Across the country, we are seeing abortion travel bans—classified as anti-trafficking laws—proposed and passed. These laws make it a felony to help teenagers travel out of state to access an abortion and don’t just apply to the person driving the teen. Laws like these are deliberately written to leave room for further restriction and scare patients and providers away from abortion. The ambiguity of these laws serves the purpose of allowing anti-abortion policymakers to incorporate further restrictions as they see fit, with supporters discussing how they can utilize the language within these laws to ban all abortion.
Attacks on reproductive healthcare access are seldom explicit, they are slow, plausibly deniable assaults on our rights. Instead, Republicans paint contraceptives as “abortifacients” and spread disinformation about their safety and usage. Anti-abortion groups like Susan B. Anthony Pro-Life America and crisis pregnancy center networks spread disinformation about the effectiveness of prenatal testing, manipulate medical and legal language, and urge the FDA to roll back the approval and regulation of prenatal tests. The Alabama Supreme Court rules that personhood/childhood begins at fertilization, and bans in vitro fertilization (IVF) on religious pretenses. The Arizona Supreme Court reinstates a near-total abortion ban that predates its statehood. Despite the denial of their ulterior motives, the neo-fascist policies keep coming with no end in sight.
In addition to these attacks, we’ve seen time and time again that abortion exceptions are not made to be functional. In cases of rape exceptions, we know that 63 percent of sexual assaults are never reported, so we require a police report to access abortion. In cases of maternal health exceptions, we ask just how sick people must be to qualify for care.

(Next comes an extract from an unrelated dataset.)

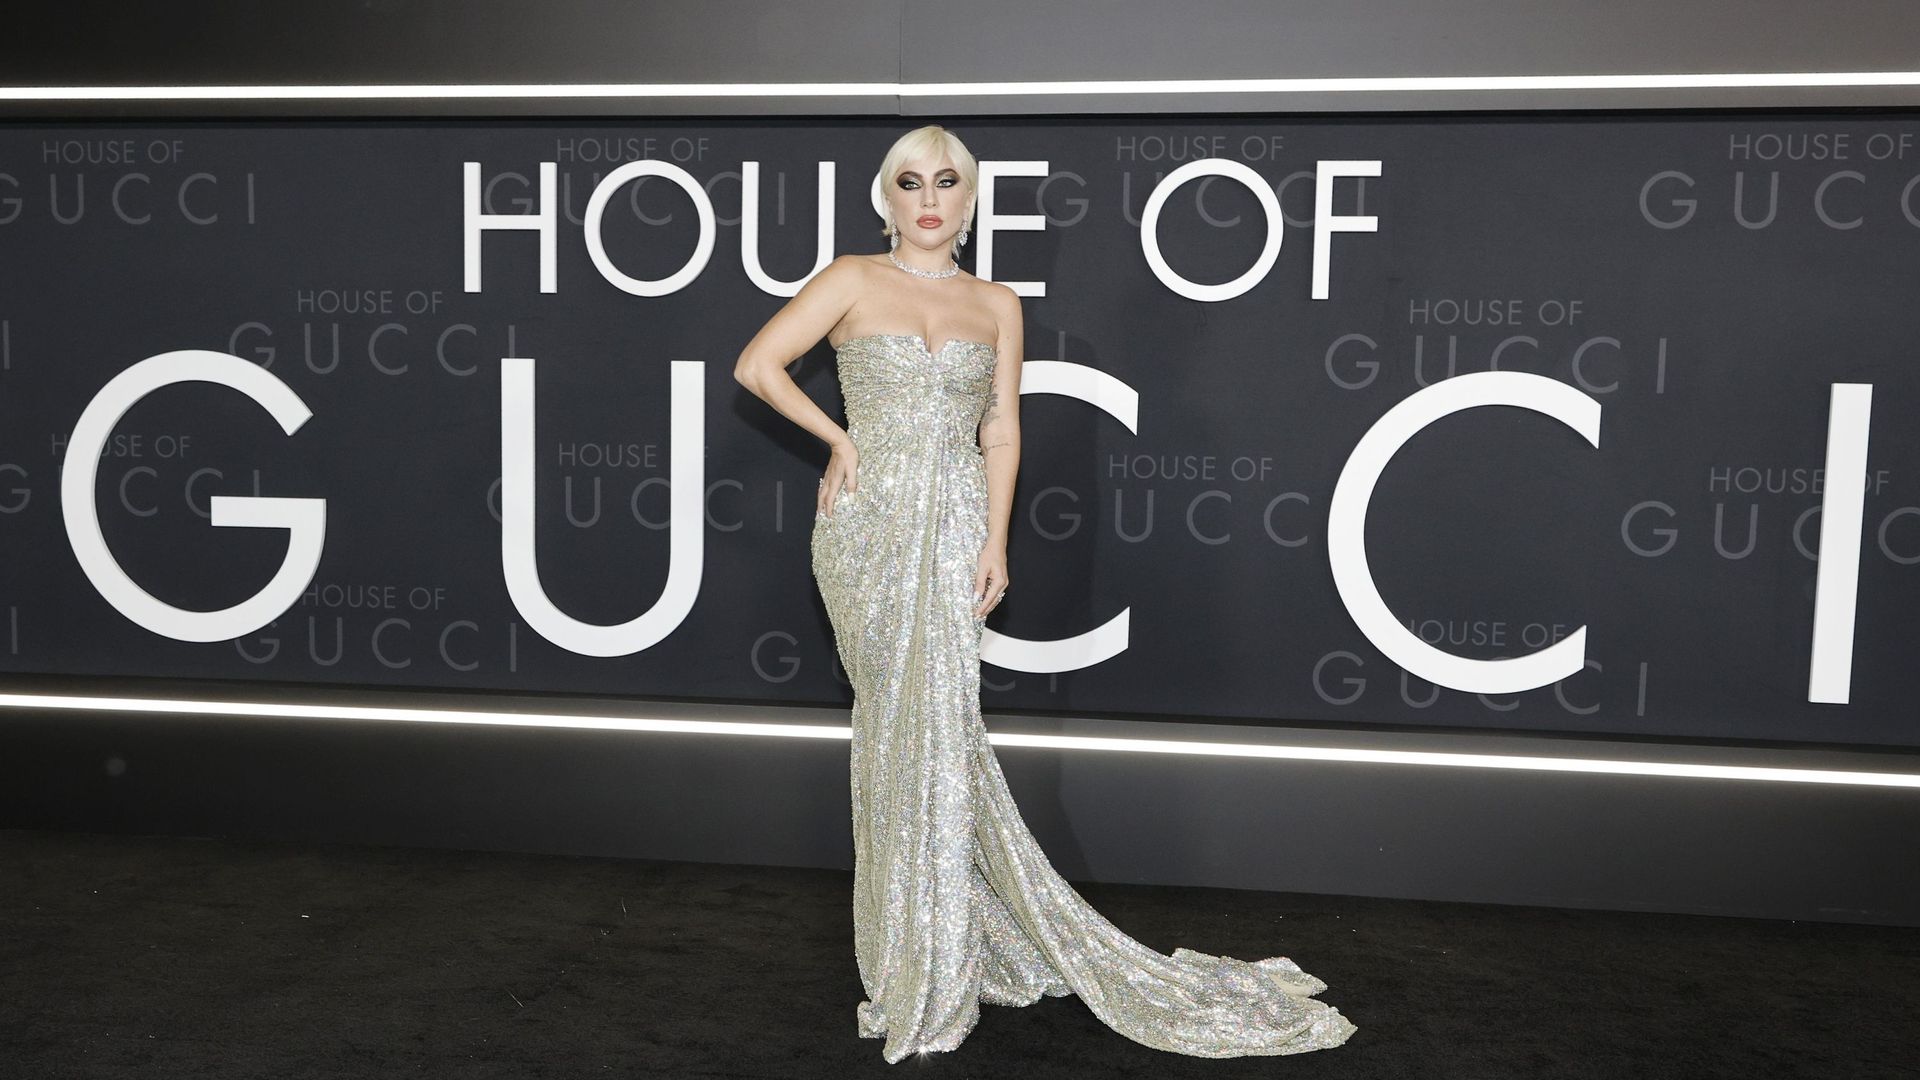 Lady Gaga assiste à la première du film "House Of Gucci" à Los Angeles, au Academy Museum of Motion Pictures, le 18 novembre 2021 à Los Angeles, Californie.

In my own experience, I’ve helped women access out-of-state care after being denied an abortion even though their condition was explicitly stated in their state law as an exception, cases we see being reiterated in the media. As the Supervisory Public Health Advisor of the Department of Health and Human Services said, “Exceptions function mainly as PR tools to make abortion bans seem less cruel than they are and distract from the inhumanity of the ban itself.”
I want to emphasize the central message of my story: any attack on “unfavorable” healthcare access inevitably impacts all healthcare access. There will always be cases in which abortion is necessary, thus we shouldn’t make it any more difficult, dangerous, or expensive for parents to access. Healthcare needs and lived experiences vary widely and our legislation must reflect these complexities.
I implore you to remain vigilant about the implications of regressive policies being proposed and passed domestically and internationally. Fabricated debates like “pro-life vs. pro-choice” and “Democrat vs. Republican” are nothing more than divisive tactics to keep us too isolated and disempowered to feel we can make a change. Resilient, united, and accurately informed communities are the most potent threat to authoritarian regimes. We know we have the power to make change because they try so hard to strip us of it.